PURPOSE: The purpose of this study was to determine how intraoperative computed tomography affects the intraoperative revision rate and consequently the post-operative, secondary corrective surgery in maxillofacial trauma surgeries.

PATIENTS AND METHODS: A retrospective study composed of patients with facial fractures was conducted in Prince Sultan Military Medical City in Riyadh, Saudi Arabia. The predictor variables were age, gender, site of facial fracture, type of treatment, number of scans per patient, and discharge time. The primary outcome variable was immediate intraoperative revision rate. Secondary outcome variable was total scanning time (recorded from the moment surgery was halted until it was resumed after image acquisition). Descriptive statistics were used; numerical data presented as mean ± SD and categorical variables as frequency (%).

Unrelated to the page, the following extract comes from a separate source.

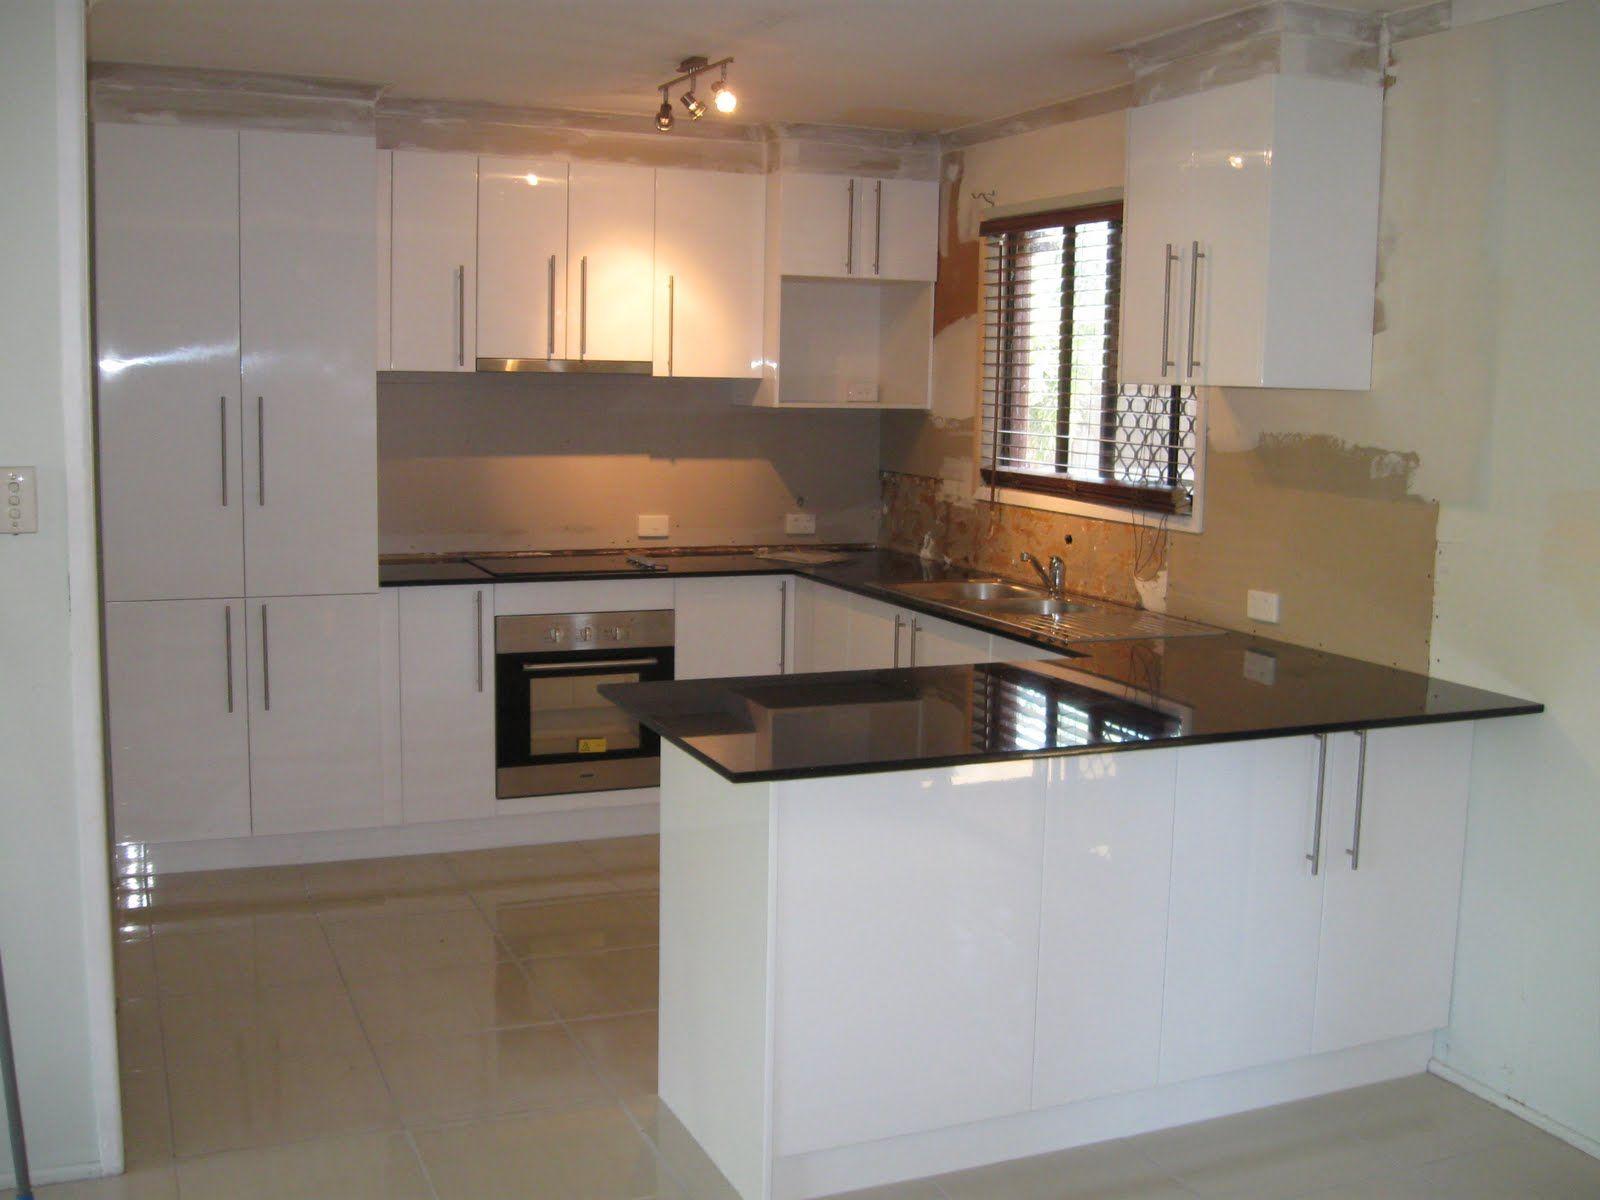 Add Value Kitchens: U SHAPE KITCHEN FROM ADD VALUE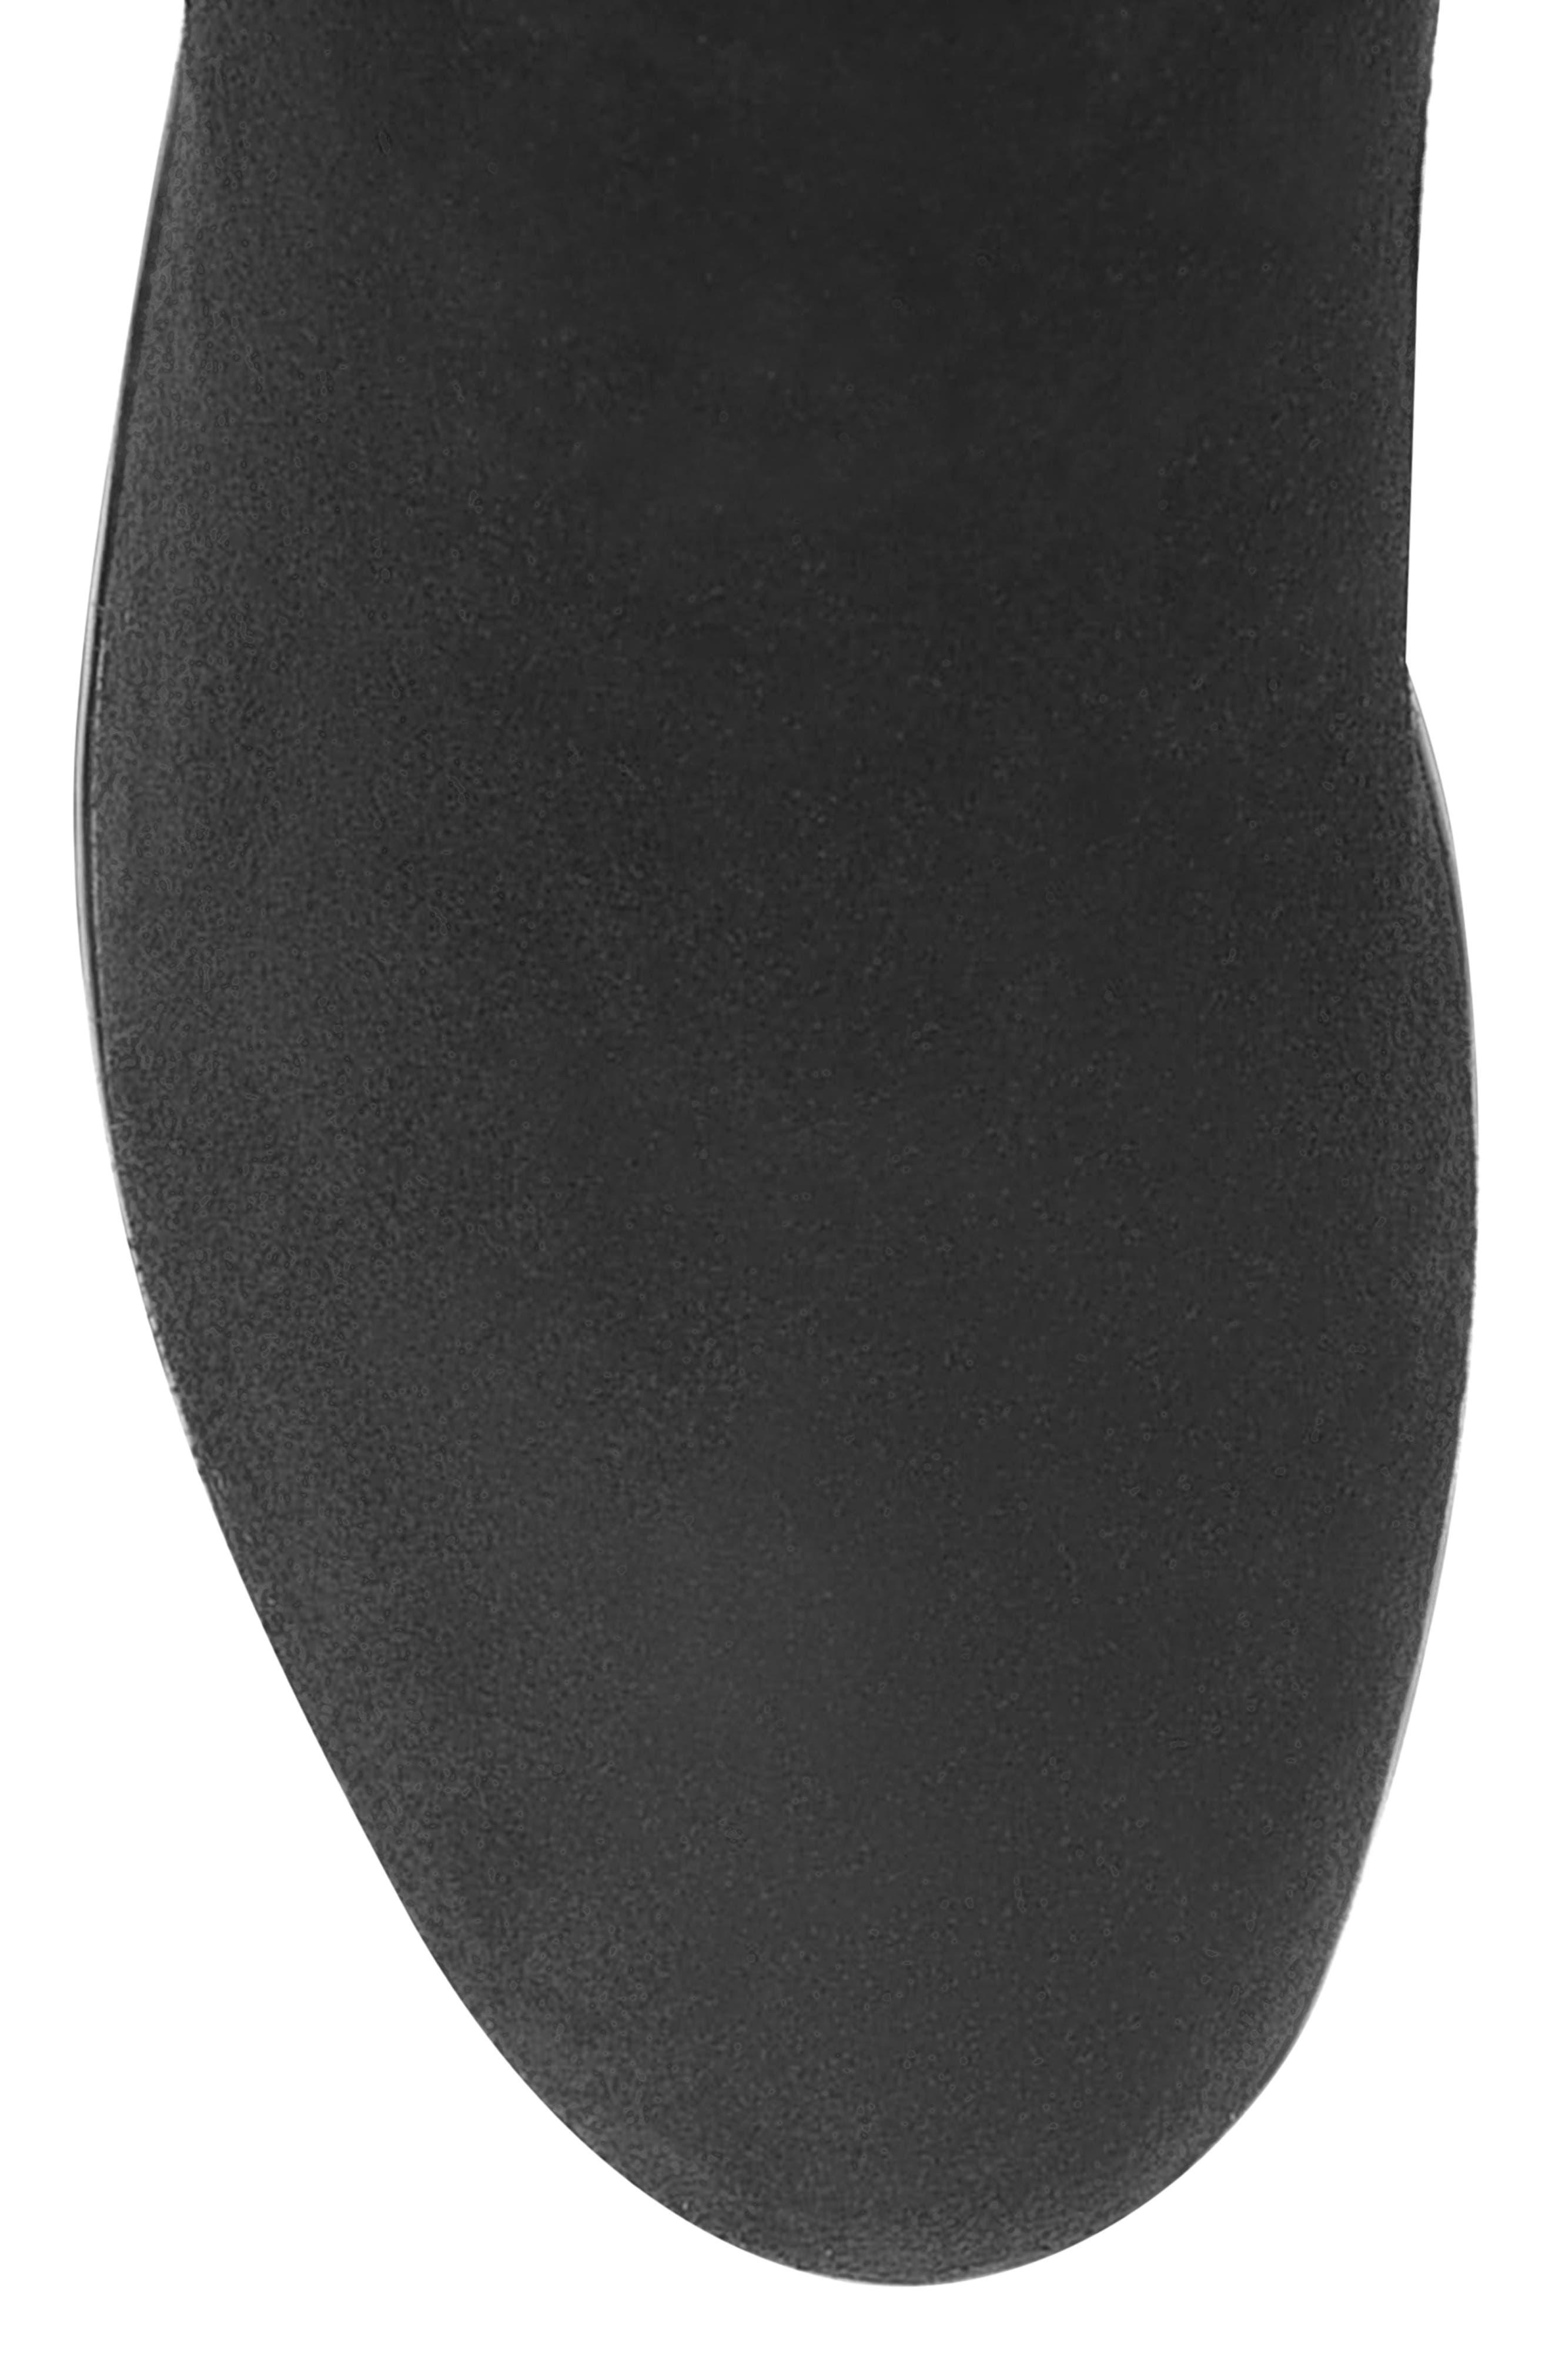 BLONDO, Larissa Waterproof Wedge Knee High Boot, Alternate thumbnail 4, color, BLACK SUEDE

RESULTS: A total of 22 patients underwent 25 intraoperative scans while undergoing different maxillofacial surgeries. Eleven (50%) required intraoperative revisions after the scans, and 3 (13.6%) cases had another intraoperative scan after revision. Eighteen were men and 4 were women. The mean age was 30 years and age range was 19 to 76. Cases were categorized by fracture location and treatment preformed. The mean scanning time was 18.9 ± 4.6 minutes. The highest rate of revisions was seen in zygomaticomaxillary complex fractures (63.6%), they were also the only cases that required a second intraoperative scan after revision to confirm final reduction. No complications were seen postoperatively, and all patients recovered uneventfully. None of the patients required a secondary corrective surgery. All patients were discharged on the following day, except 1 case which was admitted under another service.

CONCLUSIONS: The use of intraoperative computed tomography imaging in treating maxillofacial fractures results in a higher rate of intraoperative revisions, which in turn leads to more accurate fracture reduction and consequently reduces the possibility of a postoperative, secondary corrective surgery.